Solr6.3 配置整理

根据网上的资料整理如下，对solr的入门配置很有帮助。（6.3版本）

数据源配置

支持MySQL

Solr里关于MySQL的配置主要是两个文件：data-config.xml和managed-schema
data-config.xml

<dataConfig>
 <dataSource name="source1" type="JdbcDataSource" driver="com.mysql.jdbc.Driver" url="jdbc:mysql://localhost:3306/test" user="root" password="******" />
   <document>
     <entity name="goods" query="select * from goods" >
       <field column="id" name="id"/>
       <field column="name" name="name"/>
       <field column="number" name="number"/>
       <field column="updateTime" name="updateTime"/>
     </entity>
   </document>
</dataConfig>

其中source1为数据源自定义名称，没什么约束，type这是固定值，表示JDBC数据源，后面的driver表示JDBC驱动类，这与具体使用的数据库有关，url即JDBC链接URL,后面的user，password分别表示链接数据库的账号密码，下面的entity映射有点类似hiberante或mybatis中的mapping映射，column即数据库表的列名称，name即managed-schema中定义的域名称
managed-schema

<field name="id" type="int" indexed="true" stored="true" required="true" omitNorms="true" />
<field name="name" type="string" indexed="true" stored="true" omitNorms="true"/>
<field name="number" type="int" indexed="true" stored="true" omitNorms="true"/>
<field name="updateTime" type="date" indexed="true" stored="true" omitNorms="true"/>

支持Oracle

Oracle的配置与MySQL类似，唯一的区别是在配置dataSource的时候要修改driver和url的属性如下：

<dataSource driver="oracle.jdbc.driver.OracleDriver" url="jdbc:oracle:thin:@//ip:port/database" user="****" password="*****" />

支持word、excel、ppt、pdf、txt等文件

注意，txt文件编码请保证是UTF-8编码，否则无法索引文件内容
data-config.xml配置

<dataConfig>
 <dataSource type="FileDataSource" name="fileDataSource"/>
 <dataSource name="binary" type="BinFileDataSource" />
 <document>
   <entity name="files" dataSource="null" rootEntity="false" processor="FileListEntityProcessor"      baseDir="E:/Docs/搜索引擎/source/"
     fileName=".*.*" onError="skip" recursive="true">
     <field column="fileAbsolutePath" name="filePath"/>
     <field column="file" name="fileName"/>
     <field column="fileSize" name="size"/>
     <field column="fileLastModified" name="lastModified"/>
     <entity name="tika" processor="TikaEntityProcessor"
       dataSource="binary"
       url="${files.fileAbsolutePath}" format="text">
       <field column="Author" name="author" meta="true"/>
       <field column="text" name="text"/>
     </entity>
   </entity>
 </document>
</dataConfig>

baseDir表示目标文件夹的路径，fileName支持使用正则表达式来过滤一些baseDir文件夹下不想被索引的文件，processor是用来生成Entity的处理器，而不同Entity默认会生成不同的Field域。
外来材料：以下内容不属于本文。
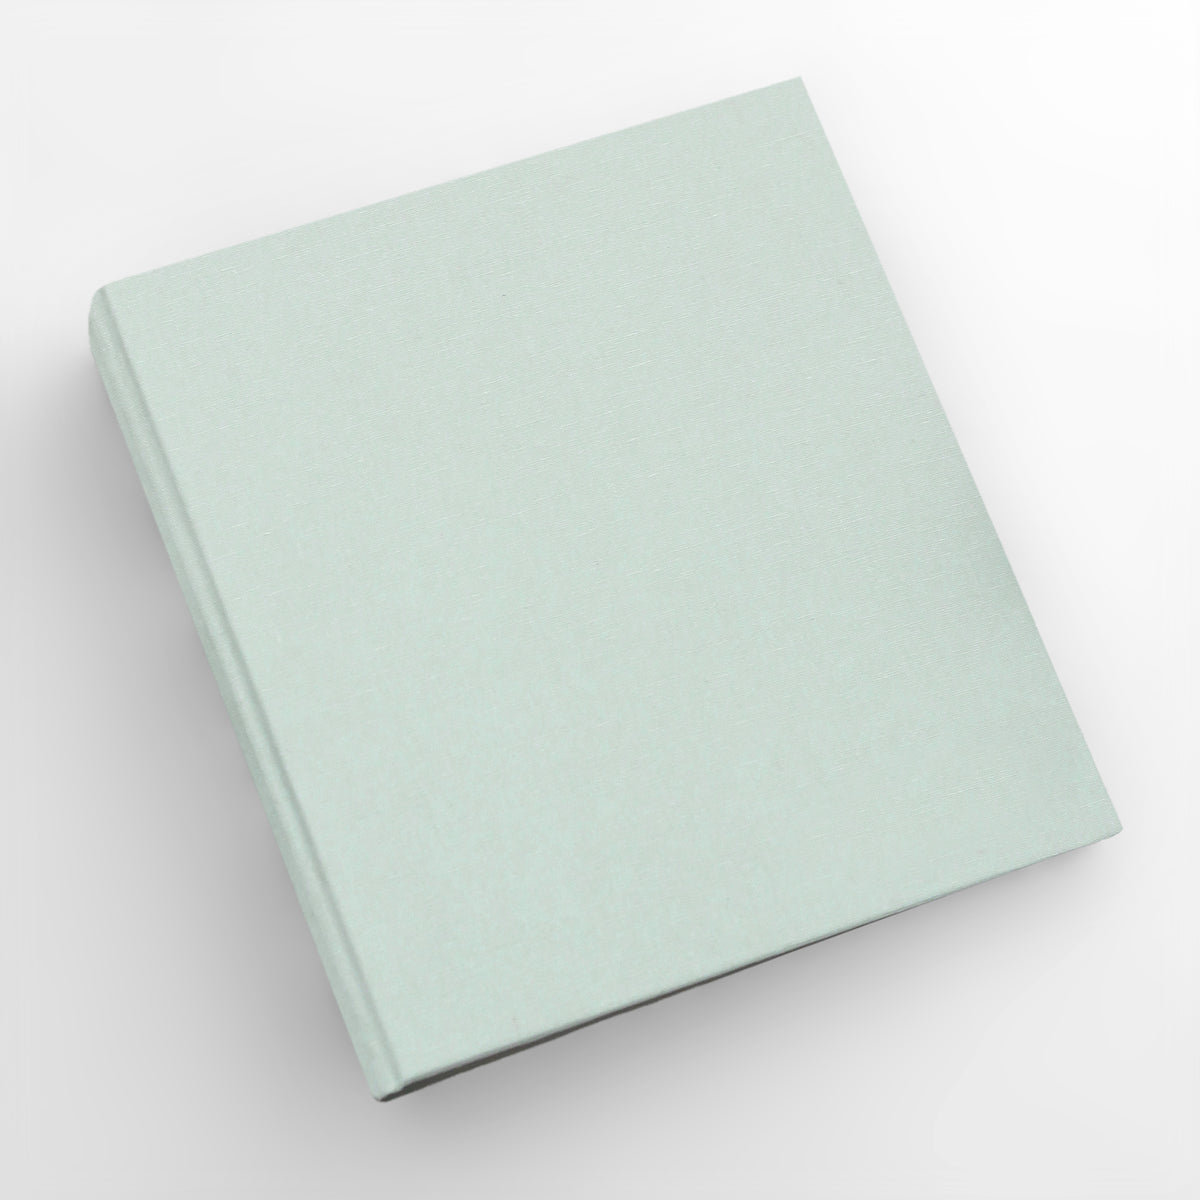 Photo Binder (for 5x7 photos) with Pastel Blue Cotton Cover
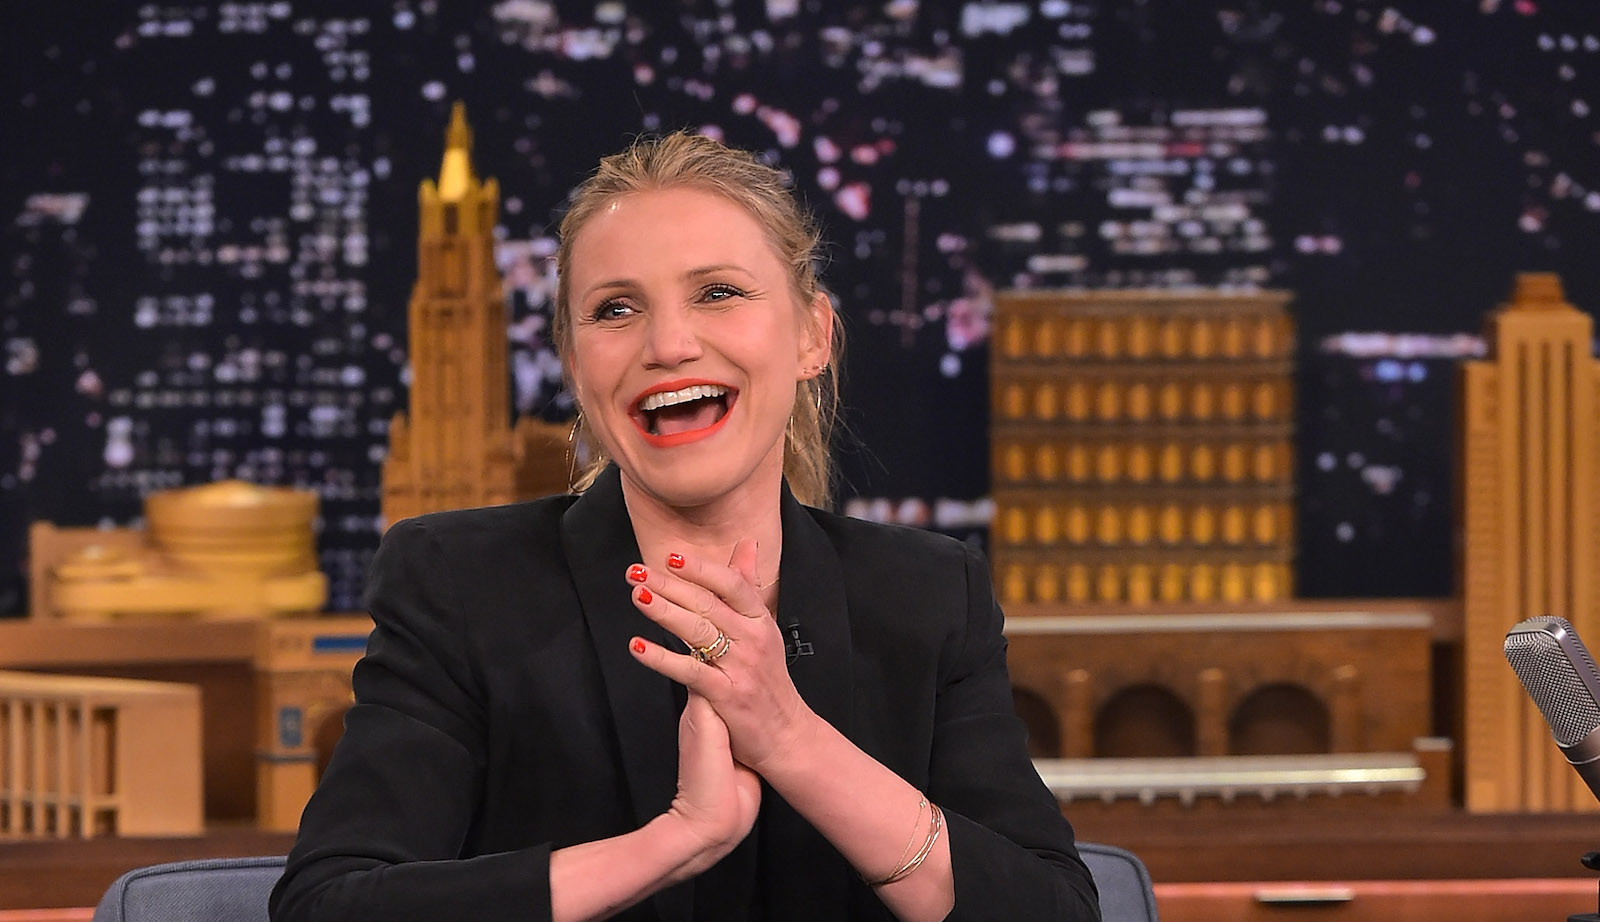 Cameron Diaz sits on the couch during an appearance on Late Night With Jimmy Fallon

FileListEntityProcessor处理器会根据指定的文件夹生成多个Entity,且生成的Entity会包含fileAbsolutePath, fileSize, fileLastModified, fileName这几个域，recursive表示是否递归查找子目录下的文件，onError表示当出现异常时是否跳过这个条件不处理。
managed-schema配置

<field name="author" type="text_general" indexed="true" stored="true" omitNorms="true"/>
<field name="text" type="textComplex" indexed="true" stored="true" omitNorms="false"/>
<field name="filePath" type="textComplex" indexed="true" stored="true" omitNorms="true"/>
<field name="fileName" type="textComplex" indexed="true" stored="true" omitNorms="true"/>
<field name="size" type="textComplex" indexed="true" stored="true" omitNorms="true"/>
<field name="lastModified" type="date" indexed="true" stored="true" omitNorms="true"/>

混合支持数据库和文档

配置方法与上面类似，只需把所有的entity的配置放在一个document下，并设置好相应的dataSource即可。
data-config.xml配置

<dataConfig>
 <dataSource type="FileDataSource" name="fileDataSource"/>
 <dataSource name="binary" type="BinFileDataSource" />
 <dataSource name="source1" type="JdbcDataSource" driver="com.mysql.jdbc.Driver" url="jdbc:mysql://localhost:3306/test" user="root" password="mysql" />
 <document>
   <entity name="files" dataSource="null" rootEntity="false" processor="FileListEntityProcessor"     baseDir="E:/Docs/搜索引擎/source/"
    fileName=".*.*" onError="skip" recursive="true">
   <field column="fileAbsolutePath" name="filePath"/>
   <field column="file" name="fileName"/>
   <field column="fileSize" name="size"/>
   <field column="fileLastModified" name="lastModified"/>
   <entity name="tika" processor="TikaEntityProcessor"
    dataSource="binary"
    url="${files.fileAbsolutePath}" format="text">
     <field column="Author" name="author" meta="true"/>
     <field column="title" name="title" meta="true"/>
     <field column="text" name="text"/>
   </entity>
   </entity>
   <entity name="goods" dataSource="source1" query="select * from goods" >
     <field column="id" name="fileName"/>
     <field column="name" name="author"/>
     <field column="number" name="size"/>
     <field column="updateTime" name="lastModified"/>
   </entity>
 </document>
</dataConfig>

索引

索引的增量更新

如果数据库中有新的数据插入，可以通过索引的增量更新查询到最新的数据。data-config.xml的配置如下：

<dataConfig>
 <dataSource name="source1" type="JdbcDataSource" driver="com.mysql.jdbc.Driver" url="jdbc:mysql://localhost:3306/test" user="root" password="******" />
 <document>
   <entity name="goods" pk="id" dataSource="source1"
     query="select * from goods where isDelete=0"
     deltaImportQuery="select * from goods where id='${dih.delta.id}'"
           deletedPkQuery="select id from goods where isDelete=1"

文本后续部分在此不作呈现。